Post

Saving time in open-source

Following the trail of best practices.

Saving time in open-source
Expand all detail boxes for printing

In computational research, it is a standard to publish code alongside manuscripts for reproducibility. However, most of that code is not designed to be reused for other applications. Consequently, new methods are less accessible to the community, resulting in a lower impact. Thus, the question is: How to achieve long-term reusability with minimal effort? The simple answer: You can’t. - There is no easy open-source recipe.

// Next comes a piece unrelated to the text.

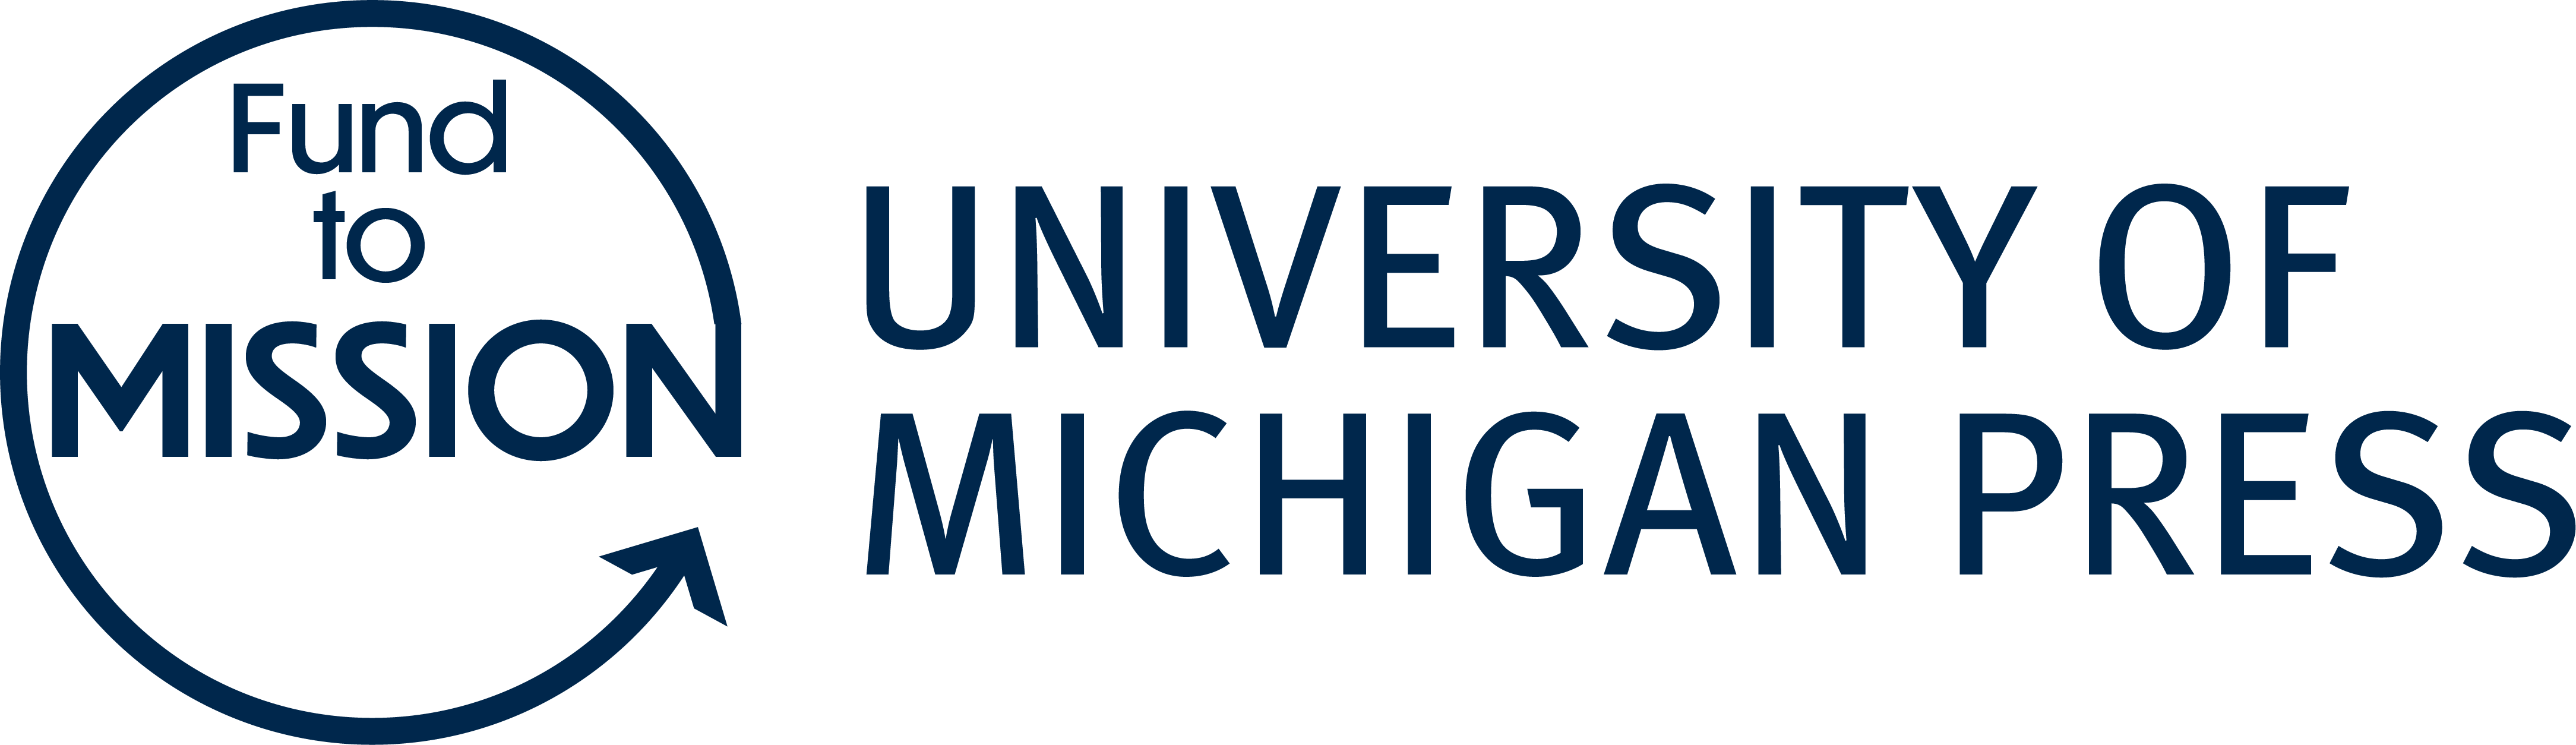 Navy blue background with University of Michigan Press logo in upper lefthand corner and orange open lock open access logo in upper righthand corner. Main title reads "Fund to Mission: University of Michigan Press' Open Access Model" in white serif font.

Nevertheless, we can avoid the most common pitfalls by learning from experience of others.

For this blog post, I spoke with Lukas Heumos and Adrian Šošić. Both are open-source Python developers but come from different backgrounds - academia and industry. Despite that, our discussion revealed that they face similar hurdles.

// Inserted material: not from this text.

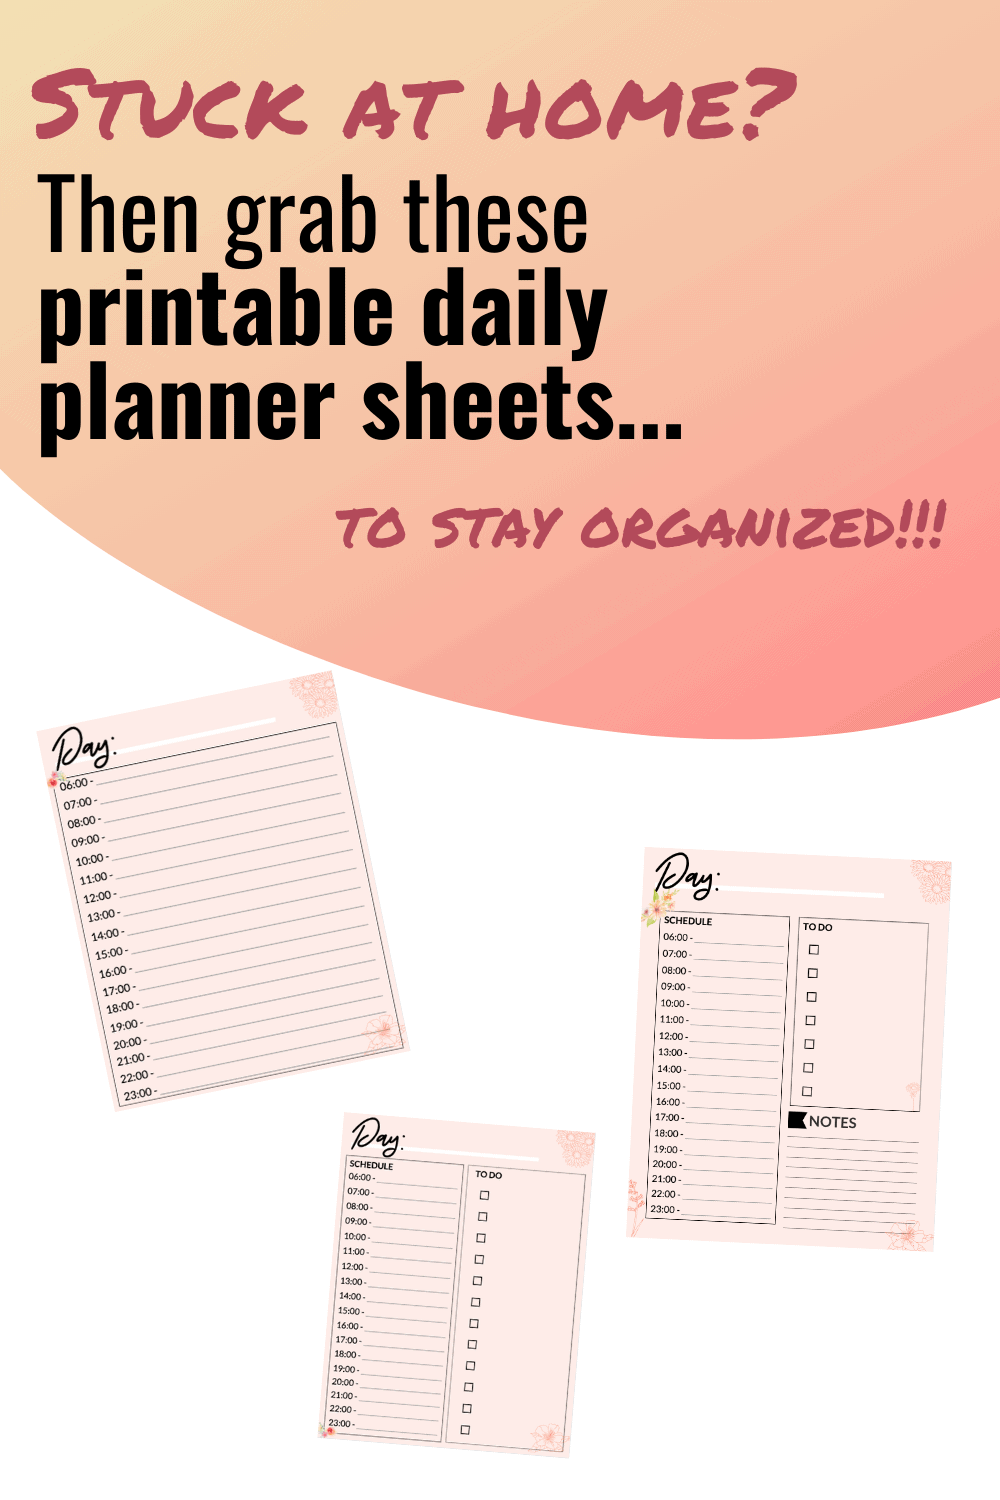 This Free Printable Daily Planner With Time Slots Will Make Life So Much Easier

Lukas is software developer and bioinformatics scientist who contributed to numerous open-source projects. He is best known for his pioneering role in scverse - a consortium of foundational tools for analyzing single-cell data. The scverse community has developed more than 50 high-quality packages with over 50 contributors.

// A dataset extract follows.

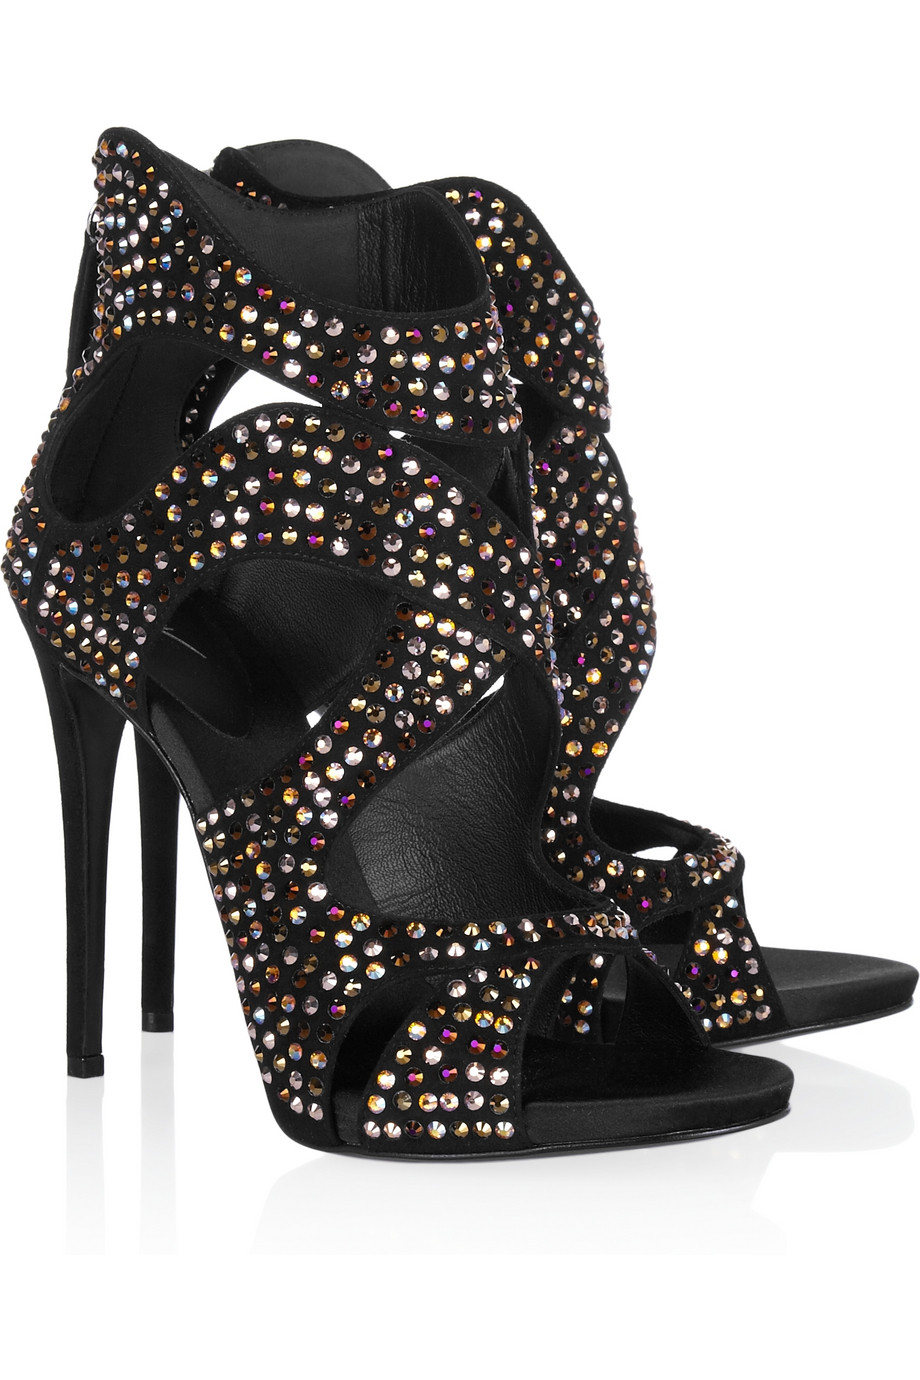 Giuseppe Zanotti Crystal Embellished Suede Sandals in Black - Lyst

Adrian is data scientist and software developer with industry experience. He is a core developer of the BayBE package, designed for Bayesian optimization of chemical experiments. Originally developed at Merck KGaA Darmstadt, the package has been open-sourced and has since gained widespread popularity both within the company and in the broader community.

With Lukas and Adrian we talked about anecdotes. This is reflected in the blog post, which does not aim to present a comprehensive guide for any of the discussed topics. Also, given that all three of us primarily code in Python, many examples are Python-based. Nevertheless, the open-source principles we discussed are applicable across different programming languages.

This blog post is predominately based on discussions with Lukas and Adrian. However, for the sake of readability, I often omit their names.

Sections list
  • Following the trail of best practices
  • The crossroads at which you should not take the wrong path
    • Code standards
    • GitHub history
    • Taming dependencies
    • Keeping code running consistently
    • Keeping code running correctly
  • Good contributions are never one-sided
  • From coding to community

Following the trail of best practices

If you’re looking for an easy recipe for setting up Python packages, here’s mine: First, find the latest repository from Lukas. Second, copy over all his packaging code and use it. This prompts the question: How does Lukas stay updated on current best practices?

A good starting point is to follow widely accepted standards, such as PEPs (Python Enhancement Proposals). PEPs outline Python design guidelines and new features. Although the extensive PEP index may not seem like an inviting weekend read, a closer look reveals hidden gems amid the technical specifications (Figure 1).

Principles of PEP 20, also known as “The Zen of Python”. Figure 1: PEP 20, also known as “The Zen of Python”. If you ever want to quickly refer to it when writing Python code, just type import this.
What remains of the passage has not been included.